One of the toughest accommodation issues impacted by COVID-19 is faced by older workers. There is enough information to determine that COVID-19 affects those that are older most, especially for those with heart disease, diabetes, kidney impairment, and/or lung issues. Although it is not advisable for employers to inquire about specific health issues, workplace policies should provide an easy avenue for workers that are older, especially with health issues, to request an accommodation. Regardless of policy, it would be reasonable for a worker that fits the above to be concerned and requesting accommodation. Employers should consider whether remote setup is possible, modifications to further enhance physical distancing, and the location of the worksite (for instance, Toronto would be more of a concern than a region that has had very few to no reported COVID-19 cases).
A weakened immune system can be a result of various medical treatments and/or conditions. Similar to older workers, those that suffer from compromised immune systems are also at greater risk of contracting COVID-19 and having severe complications. Employers should respond similarly with accommodation and implement policies that facilitate the necessary dialogue for identifying such issues. Again, location of the workplace, the capability of working remote, and enhancing physical distancing should all be explored when attempting accommodation.
Parents with dependent children will also face barriers to returning to work especially as schools and childcare services may be reduced or not yet open and are thus faced with accommodation issues impacted by COVID-19. Here, the employer will need to work with employees that need to balance their childcare responsibilities with their work schedule. The onus is on the employee to show they have taken reasonable steps to secure childcare arrangements for dependents under their care, and once established, an employer must take steps to provide reasonable accommodation. Reasonable accommodation may include remote work, change in required hours of work or flexible scheduling, or a temporary leave of absence.
The above three examples are all protected grounds of discrimination under human rights law.
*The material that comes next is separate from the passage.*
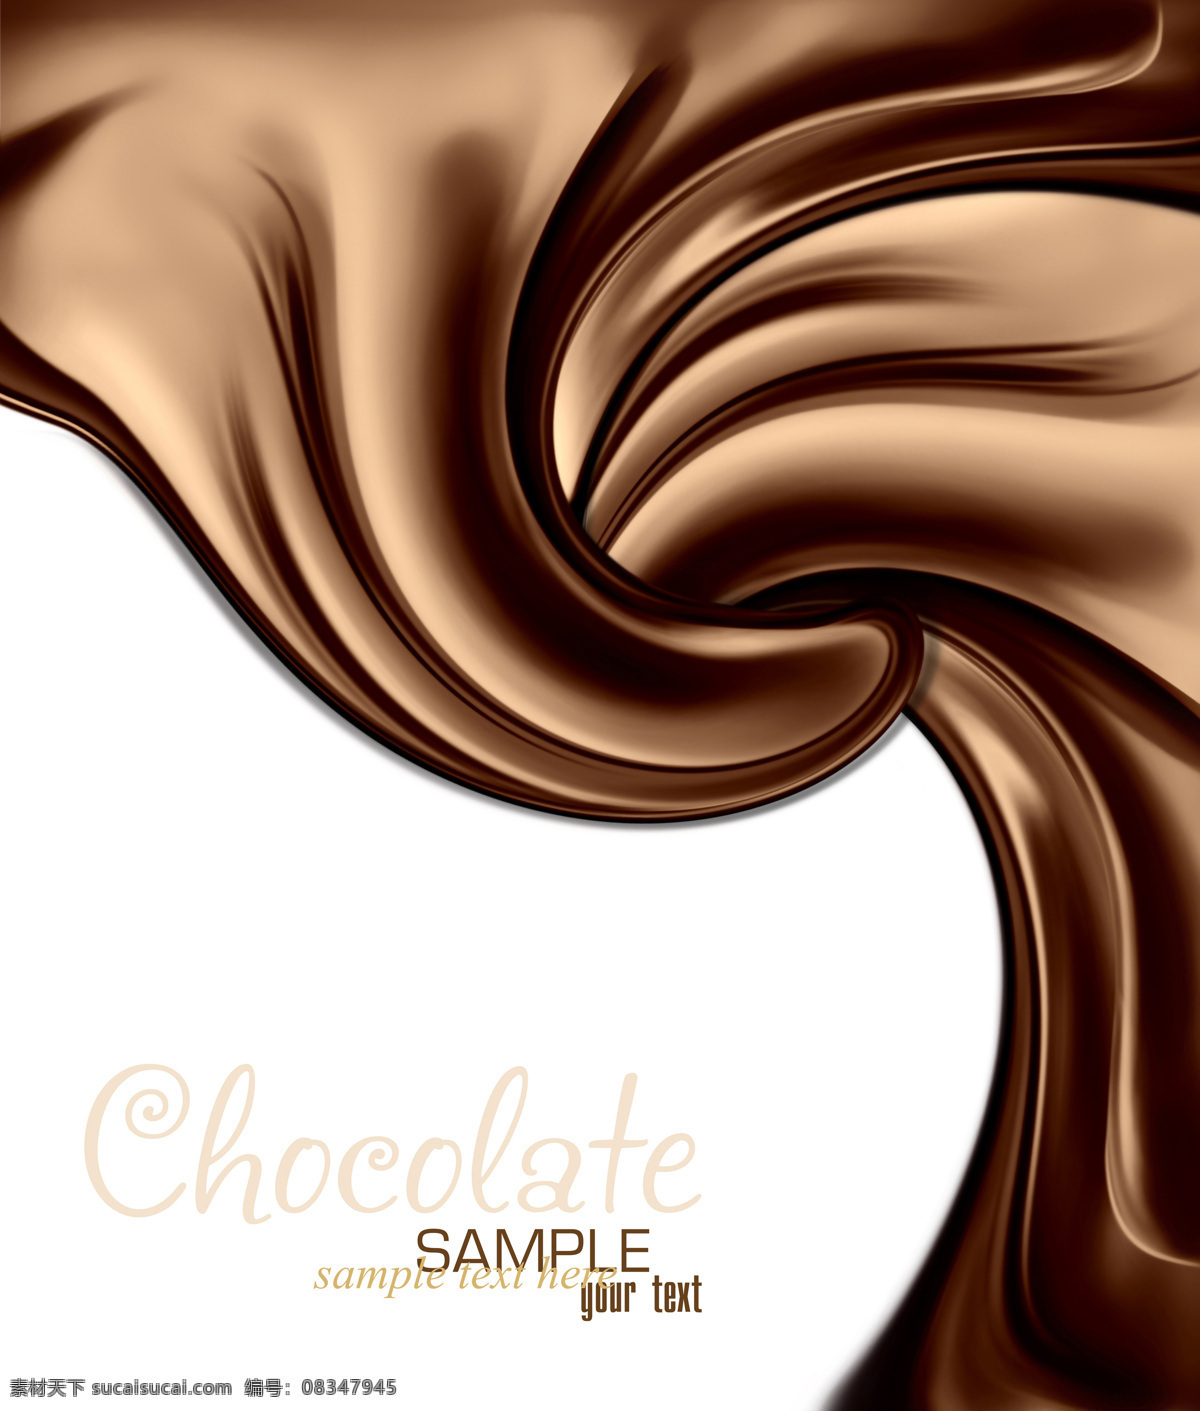 巧克力 动感巧克力 巧克力背景 巧克力酱 丝滑 朱古力 诱人的巧克力 液体 情人节美食 咖啡 西餐美食 生活百科 餐饮美食

Employers must take reasonable steps to accommodate employees on grounds of family status, illness, age, and so forth, up to the point of undue hardship. Conversely, employees must cooperate and accept reasonable accommodations, even if they are not the employee’s ideal. Both employees and employers are encouraged to seek legal advice if faced with difficulties regarding accommodation due to COVID-19, as human rights law can be very difficult to navigate especially during this unprecedented pandemic. Lastly, under no circumstances should an employee be disclosing the exact nature of health conditions. Policies must be implemented in a way that facilitates accommodation while protecting employee privacy. Both employees and employers are encouraged to seek legal advice if this a concern on either end.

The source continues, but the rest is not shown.